INSTRUCTIONS FOR THE TASK: Take the data below and copy exactly the lines starting at the one with "Cita con la" and finishing at the one with "保育室には触り心地のよい自然素材の腰壁", both included.

_ _ _ _ _

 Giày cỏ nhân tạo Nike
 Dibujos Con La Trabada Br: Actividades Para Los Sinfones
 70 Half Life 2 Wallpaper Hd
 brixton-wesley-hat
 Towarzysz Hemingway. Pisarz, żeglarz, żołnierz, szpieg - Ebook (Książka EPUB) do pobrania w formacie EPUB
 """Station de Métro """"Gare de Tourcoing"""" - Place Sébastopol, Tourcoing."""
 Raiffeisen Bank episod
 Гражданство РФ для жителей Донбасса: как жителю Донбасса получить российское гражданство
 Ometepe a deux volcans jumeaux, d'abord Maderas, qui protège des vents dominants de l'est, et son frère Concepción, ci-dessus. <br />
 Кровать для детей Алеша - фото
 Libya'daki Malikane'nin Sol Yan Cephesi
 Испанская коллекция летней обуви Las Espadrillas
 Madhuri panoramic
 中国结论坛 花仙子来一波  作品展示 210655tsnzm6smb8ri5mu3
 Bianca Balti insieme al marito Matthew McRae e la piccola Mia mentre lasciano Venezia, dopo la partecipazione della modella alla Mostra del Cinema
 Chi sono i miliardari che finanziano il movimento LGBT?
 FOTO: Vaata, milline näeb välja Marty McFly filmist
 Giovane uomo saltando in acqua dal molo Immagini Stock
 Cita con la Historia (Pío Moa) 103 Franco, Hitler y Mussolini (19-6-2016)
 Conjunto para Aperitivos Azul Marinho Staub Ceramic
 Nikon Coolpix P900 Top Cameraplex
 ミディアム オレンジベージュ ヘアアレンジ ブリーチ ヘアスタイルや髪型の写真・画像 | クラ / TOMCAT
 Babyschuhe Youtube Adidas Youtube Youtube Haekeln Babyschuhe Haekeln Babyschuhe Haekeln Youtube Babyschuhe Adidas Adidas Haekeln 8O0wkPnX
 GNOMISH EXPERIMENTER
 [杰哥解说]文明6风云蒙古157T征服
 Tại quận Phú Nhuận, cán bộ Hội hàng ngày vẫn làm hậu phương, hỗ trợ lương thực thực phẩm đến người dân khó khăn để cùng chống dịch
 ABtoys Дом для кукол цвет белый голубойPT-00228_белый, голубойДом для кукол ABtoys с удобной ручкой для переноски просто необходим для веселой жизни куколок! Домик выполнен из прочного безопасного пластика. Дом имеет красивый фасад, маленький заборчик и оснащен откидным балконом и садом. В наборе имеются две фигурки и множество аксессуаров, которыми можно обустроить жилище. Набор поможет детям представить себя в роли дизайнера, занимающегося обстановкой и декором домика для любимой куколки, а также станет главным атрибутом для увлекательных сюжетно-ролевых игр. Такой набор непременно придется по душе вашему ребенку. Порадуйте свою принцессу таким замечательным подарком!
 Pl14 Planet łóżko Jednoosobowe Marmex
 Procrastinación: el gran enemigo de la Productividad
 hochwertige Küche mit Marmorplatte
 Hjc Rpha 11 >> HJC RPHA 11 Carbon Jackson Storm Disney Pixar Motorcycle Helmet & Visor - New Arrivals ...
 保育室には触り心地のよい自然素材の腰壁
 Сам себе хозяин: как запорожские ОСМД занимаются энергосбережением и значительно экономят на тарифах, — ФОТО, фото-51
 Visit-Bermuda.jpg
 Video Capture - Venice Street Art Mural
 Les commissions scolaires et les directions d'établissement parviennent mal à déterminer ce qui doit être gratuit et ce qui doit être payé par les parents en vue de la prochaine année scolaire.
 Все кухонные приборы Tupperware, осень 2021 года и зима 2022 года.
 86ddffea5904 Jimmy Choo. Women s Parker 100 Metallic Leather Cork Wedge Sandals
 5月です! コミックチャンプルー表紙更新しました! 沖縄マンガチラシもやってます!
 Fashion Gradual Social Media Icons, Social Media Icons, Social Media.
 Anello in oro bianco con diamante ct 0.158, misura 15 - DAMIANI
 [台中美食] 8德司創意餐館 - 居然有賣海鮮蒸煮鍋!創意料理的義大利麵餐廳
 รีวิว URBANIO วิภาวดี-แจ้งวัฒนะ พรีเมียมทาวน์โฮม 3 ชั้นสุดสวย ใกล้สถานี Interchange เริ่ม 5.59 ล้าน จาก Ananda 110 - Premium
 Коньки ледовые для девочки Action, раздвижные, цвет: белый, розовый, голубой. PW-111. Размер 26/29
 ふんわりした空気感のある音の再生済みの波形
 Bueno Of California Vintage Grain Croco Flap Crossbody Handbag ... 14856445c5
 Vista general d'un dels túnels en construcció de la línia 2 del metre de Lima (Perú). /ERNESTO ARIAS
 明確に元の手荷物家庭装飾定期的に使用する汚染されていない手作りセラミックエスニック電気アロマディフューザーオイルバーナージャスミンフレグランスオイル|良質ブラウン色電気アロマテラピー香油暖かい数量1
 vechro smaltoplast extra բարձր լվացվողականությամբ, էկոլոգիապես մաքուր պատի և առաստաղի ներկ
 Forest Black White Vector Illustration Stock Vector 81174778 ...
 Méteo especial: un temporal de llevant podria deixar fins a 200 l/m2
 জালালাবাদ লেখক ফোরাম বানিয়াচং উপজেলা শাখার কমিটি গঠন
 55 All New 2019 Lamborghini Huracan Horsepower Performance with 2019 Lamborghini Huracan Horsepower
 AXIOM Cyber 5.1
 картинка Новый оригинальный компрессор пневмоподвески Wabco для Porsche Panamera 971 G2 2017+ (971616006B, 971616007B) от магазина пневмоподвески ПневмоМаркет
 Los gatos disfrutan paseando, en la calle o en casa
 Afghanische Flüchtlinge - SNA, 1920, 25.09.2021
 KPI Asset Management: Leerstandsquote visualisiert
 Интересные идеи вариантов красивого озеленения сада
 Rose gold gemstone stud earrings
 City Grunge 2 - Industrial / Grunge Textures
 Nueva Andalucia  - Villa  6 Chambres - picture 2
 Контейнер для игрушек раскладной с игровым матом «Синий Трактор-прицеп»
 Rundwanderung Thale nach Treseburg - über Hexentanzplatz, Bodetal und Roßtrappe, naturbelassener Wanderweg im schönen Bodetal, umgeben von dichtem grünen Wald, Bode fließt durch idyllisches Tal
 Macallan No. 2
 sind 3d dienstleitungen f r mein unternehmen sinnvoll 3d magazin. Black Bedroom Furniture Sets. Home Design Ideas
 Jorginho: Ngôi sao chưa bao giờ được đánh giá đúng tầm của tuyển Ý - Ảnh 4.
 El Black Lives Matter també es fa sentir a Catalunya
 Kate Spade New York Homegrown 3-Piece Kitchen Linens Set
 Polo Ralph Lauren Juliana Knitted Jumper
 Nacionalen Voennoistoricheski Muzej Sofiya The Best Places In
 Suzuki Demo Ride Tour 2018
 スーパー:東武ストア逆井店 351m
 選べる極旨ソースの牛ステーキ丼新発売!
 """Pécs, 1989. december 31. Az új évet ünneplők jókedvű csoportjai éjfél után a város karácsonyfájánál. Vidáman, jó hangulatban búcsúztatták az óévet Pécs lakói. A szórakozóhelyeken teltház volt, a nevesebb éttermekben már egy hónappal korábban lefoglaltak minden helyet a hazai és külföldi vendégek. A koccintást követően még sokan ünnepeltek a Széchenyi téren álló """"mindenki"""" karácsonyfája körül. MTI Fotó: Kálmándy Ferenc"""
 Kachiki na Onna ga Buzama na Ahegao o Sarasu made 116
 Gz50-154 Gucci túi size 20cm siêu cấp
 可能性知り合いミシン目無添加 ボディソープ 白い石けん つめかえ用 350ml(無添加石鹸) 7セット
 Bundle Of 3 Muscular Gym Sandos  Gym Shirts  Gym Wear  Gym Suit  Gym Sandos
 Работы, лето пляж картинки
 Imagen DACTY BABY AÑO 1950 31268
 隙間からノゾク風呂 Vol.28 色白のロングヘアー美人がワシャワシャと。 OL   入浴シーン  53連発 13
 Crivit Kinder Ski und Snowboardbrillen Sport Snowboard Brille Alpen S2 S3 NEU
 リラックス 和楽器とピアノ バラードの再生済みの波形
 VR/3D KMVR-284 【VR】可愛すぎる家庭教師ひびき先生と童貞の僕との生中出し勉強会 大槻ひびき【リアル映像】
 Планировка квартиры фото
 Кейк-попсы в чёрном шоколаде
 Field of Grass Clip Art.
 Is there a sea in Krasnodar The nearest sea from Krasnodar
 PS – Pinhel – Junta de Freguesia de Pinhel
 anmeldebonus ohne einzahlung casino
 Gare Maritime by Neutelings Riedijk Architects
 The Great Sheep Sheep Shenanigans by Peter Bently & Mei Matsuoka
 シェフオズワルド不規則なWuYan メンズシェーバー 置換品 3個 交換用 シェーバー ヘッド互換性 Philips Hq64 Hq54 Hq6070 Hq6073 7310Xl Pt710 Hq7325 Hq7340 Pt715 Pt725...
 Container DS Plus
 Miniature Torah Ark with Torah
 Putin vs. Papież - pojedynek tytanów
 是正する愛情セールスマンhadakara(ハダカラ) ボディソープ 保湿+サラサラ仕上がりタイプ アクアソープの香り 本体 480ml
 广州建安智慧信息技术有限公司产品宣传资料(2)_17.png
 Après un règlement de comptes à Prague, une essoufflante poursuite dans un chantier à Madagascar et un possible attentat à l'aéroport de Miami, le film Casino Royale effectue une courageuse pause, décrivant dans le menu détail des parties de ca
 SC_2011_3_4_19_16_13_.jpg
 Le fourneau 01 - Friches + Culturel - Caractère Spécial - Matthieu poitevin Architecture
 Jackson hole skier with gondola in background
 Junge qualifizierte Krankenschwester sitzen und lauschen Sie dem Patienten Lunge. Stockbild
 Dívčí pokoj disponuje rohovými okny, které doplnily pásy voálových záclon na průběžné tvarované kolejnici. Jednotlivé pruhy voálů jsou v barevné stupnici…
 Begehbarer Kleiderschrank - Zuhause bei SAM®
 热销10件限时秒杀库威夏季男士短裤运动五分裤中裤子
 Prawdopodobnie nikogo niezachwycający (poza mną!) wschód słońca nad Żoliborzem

_ _ _ _ _

RESPONSE BELOW:
 Cita con la Historia (Pío Moa) 103 Franco, Hitler y Mussolini (19-6-2016)
 Conjunto para Aperitivos Azul Marinho Staub Ceramic
 Nikon Coolpix P900 Top Cameraplex
 ミディアム オレンジベージュ ヘアアレンジ ブリーチ ヘアスタイルや髪型の写真・画像 | クラ / TOMCAT
 Babyschuhe Youtube Adidas Youtube Youtube Haekeln Babyschuhe Haekeln Babyschuhe Haekeln Youtube Babyschuhe Adidas Adidas Haekeln 8O0wkPnX
 GNOMISH EXPERIMENTER
 [杰哥解说]文明6风云蒙古157T征服
 Tại quận Phú Nhuận, cán bộ Hội hàng ngày vẫn làm hậu phương, hỗ trợ lương thực thực phẩm đến người dân khó khăn để cùng chống dịch
 ABtoys Дом для кукол цвет белый голубойPT-00228_белый, голубойДом для кукол ABtoys с удобной ручкой для переноски просто необходим для веселой жизни куколок! Домик выполнен из прочного безопасного пластика. Дом имеет красивый фасад, маленький заборчик и оснащен откидным балконом и садом. В наборе имеются две фигурки и множество аксессуаров, которыми можно обустроить жилище. Набор поможет детям представить себя в роли дизайнера, занимающегося обстановкой и декором домика для любимой куколки, а также станет главным атрибутом для увлекательных сюжетно-ролевых игр. Такой набор непременно придется по душе вашему ребенку. Порадуйте свою принцессу таким замечательным подарком!
 Pl14 Planet łóżko Jednoosobowe Marmex
 Procrastinación: el gran enemigo de la Productividad
 hochwertige Küche mit Marmorplatte
 Hjc Rpha 11 >> HJC RPHA 11 Carbon Jackson Storm Disney Pixar Motorcycle Helmet & Visor - New Arrivals ...
 保育室には触り心地のよい自然素材の腰壁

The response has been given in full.